For linguists, minimal pairs are most often used to "prove" that two phonological units are different within a language.

But, for the average person, minimal pairs have a more practical use - language learning! You can make tests with them: being given the audio pronunciation of a word, you'll have to choose the word that you think was pronounced. Remember, the more similar the sounds, the harder it is to get it correct! Also, note that this "test" is made for both words, so you get to hear both pronunciations. With time, after testing yourself consistently, you'll be able to better distinguish the seemingly similar sounds of your target language.

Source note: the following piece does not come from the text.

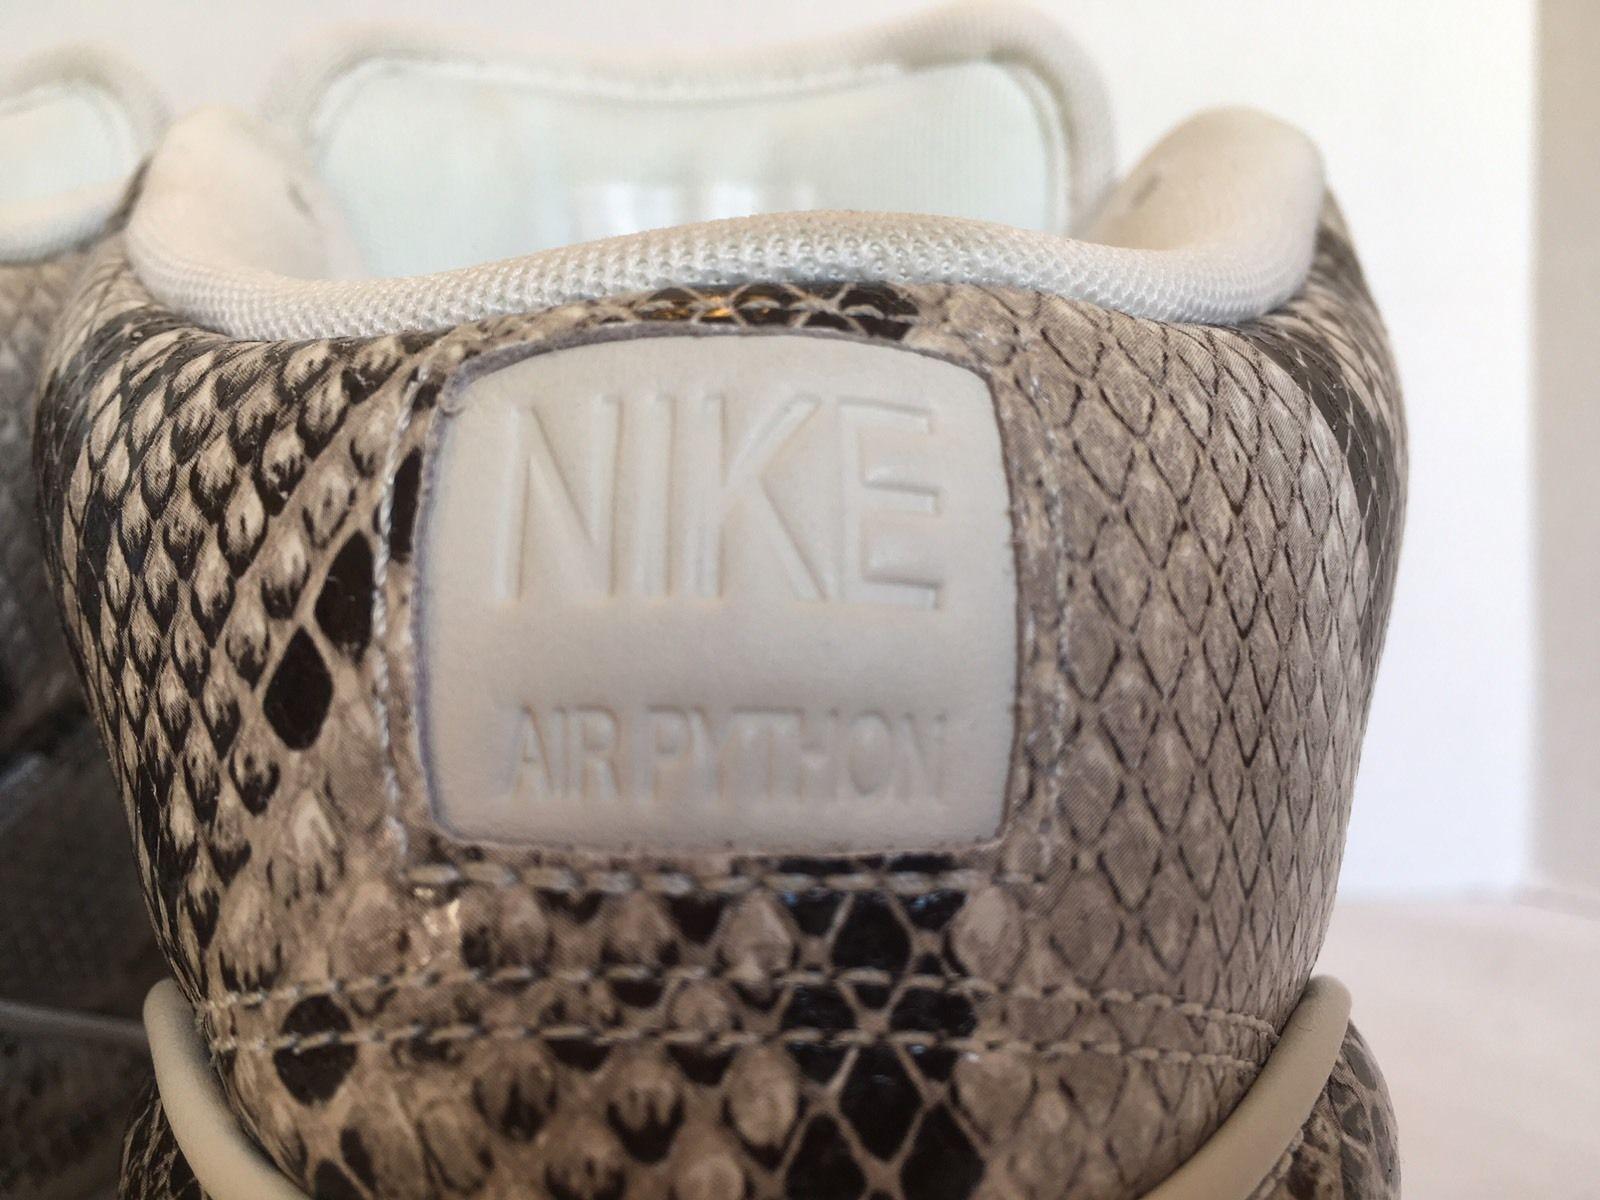 New Mens Nike Air Python PRM Snakeskin and 50 similar items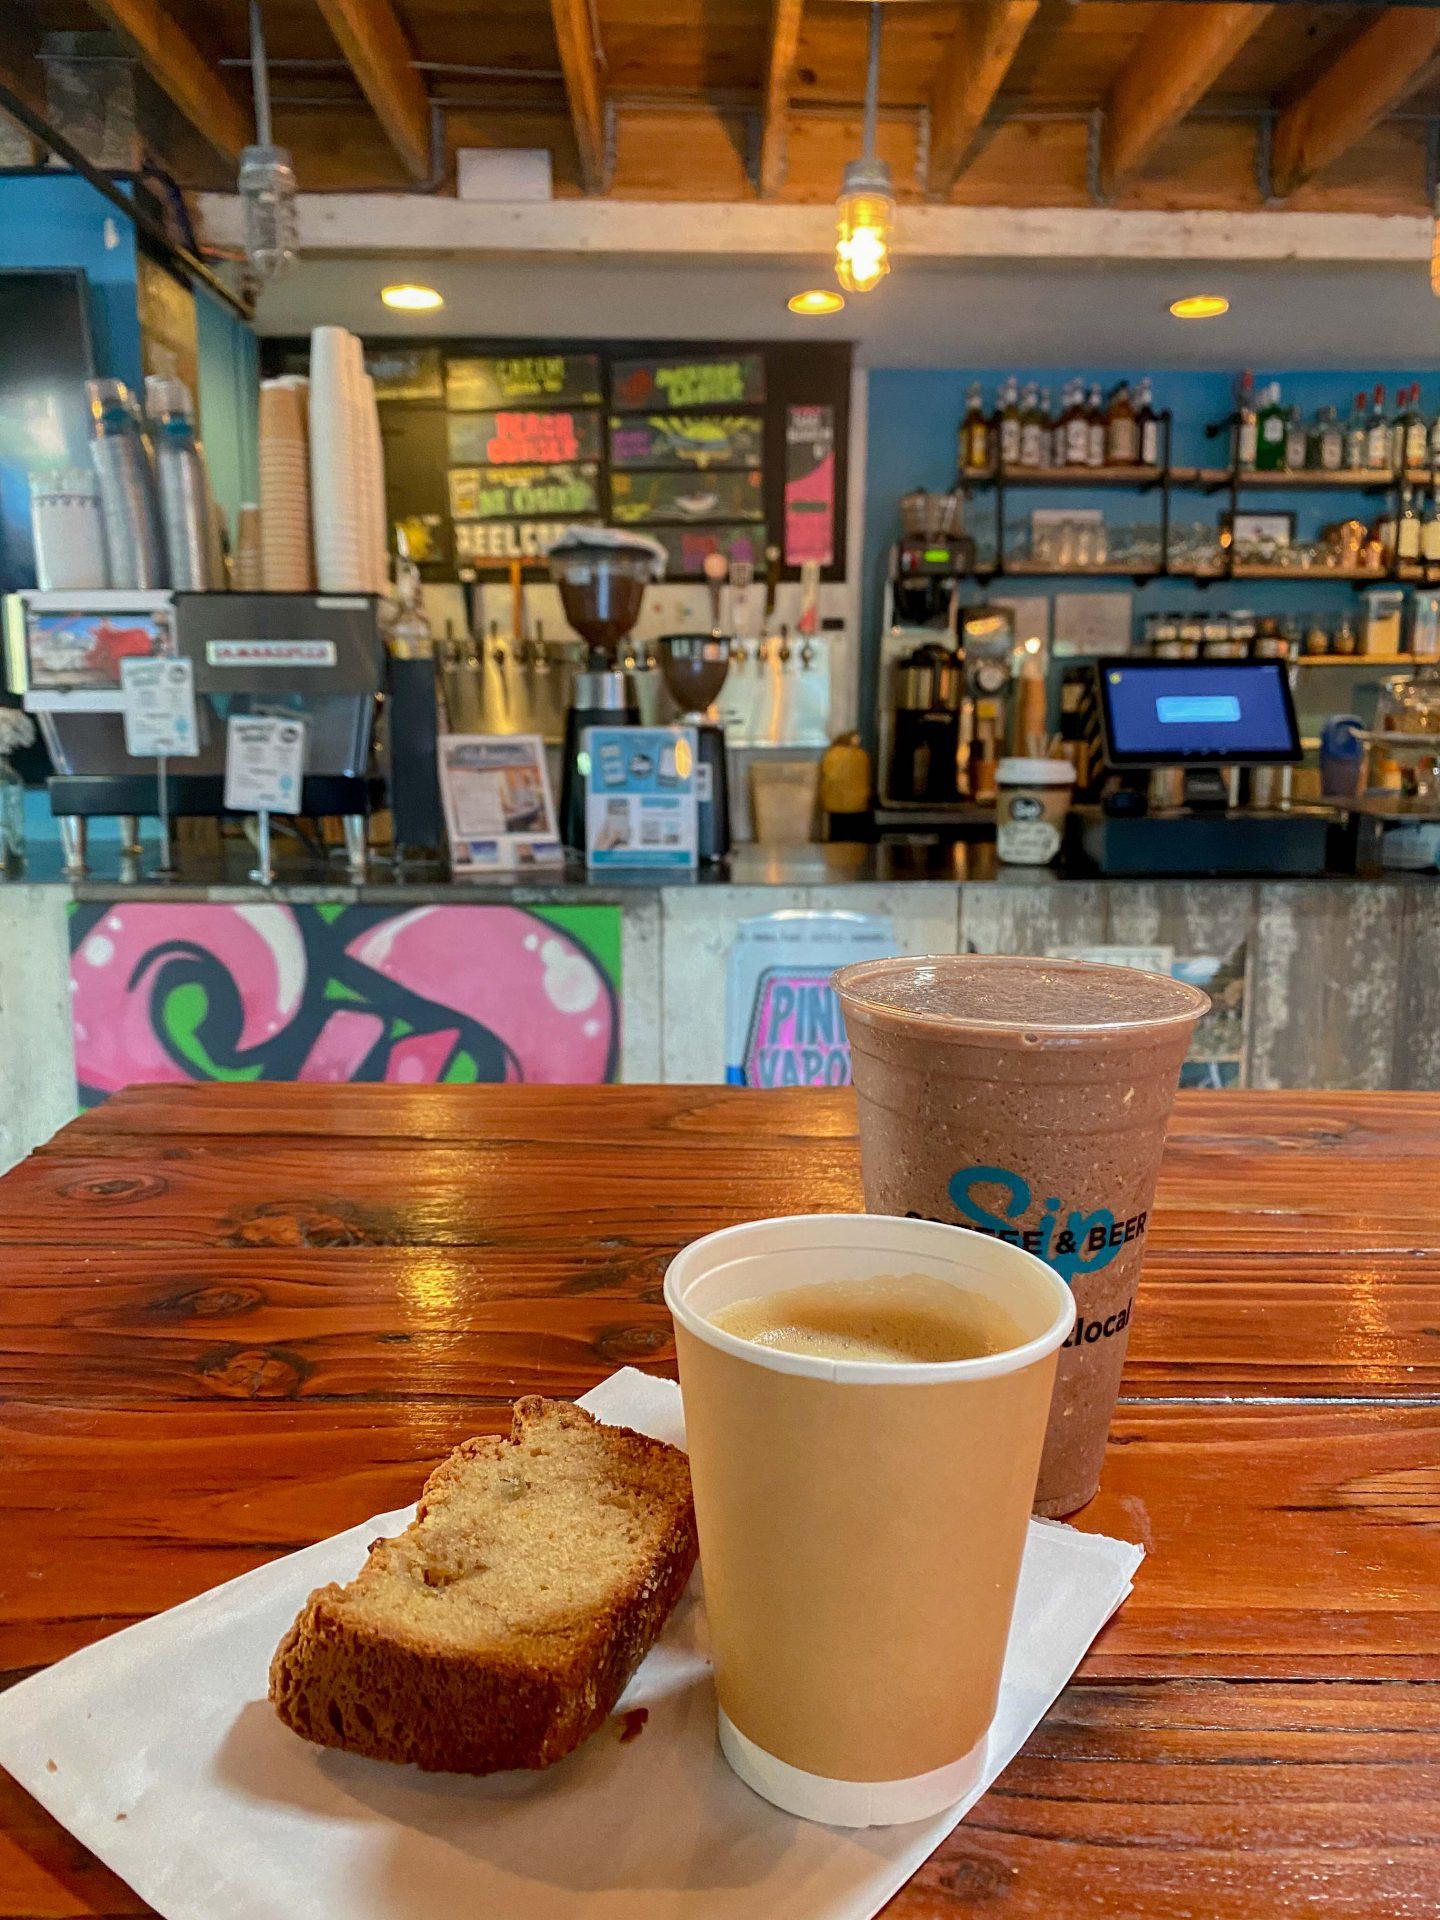 sip and beer, coffee shop, scottsdale Arizona, best coffee shops in scottsdale, Arizona Phoenix, travel blog, the best of, blog

Luckily, grzegorz can make Anki flashcards with exactly these kinds of tests, helping you learn the sounds of your target language faster. Check the Usage section!

Getting started

Requirements

For building:

  • python3
  • pip

Installation

Make sure the pip installation directory (default: ${HOME}/.local/bin) is on your ${PATH}. If not, add it (to your .bashrc or .zshrc preferably):

export PATH="${HOME}/.local/bin:${PATH}"

From PyPi

$ pip install grzegorz

From source

Clone this repository and run pip:

$ git clone https://github.com/xylous/grzegorz grzegorz
$ cd grzegorz
$ pip install .

Usage

If you want an to get an Anki deck full of minimal pairs without having to bother too much with boring details, use fullmake:

$ grzegorz fullmake <language> <numwords> [--clean]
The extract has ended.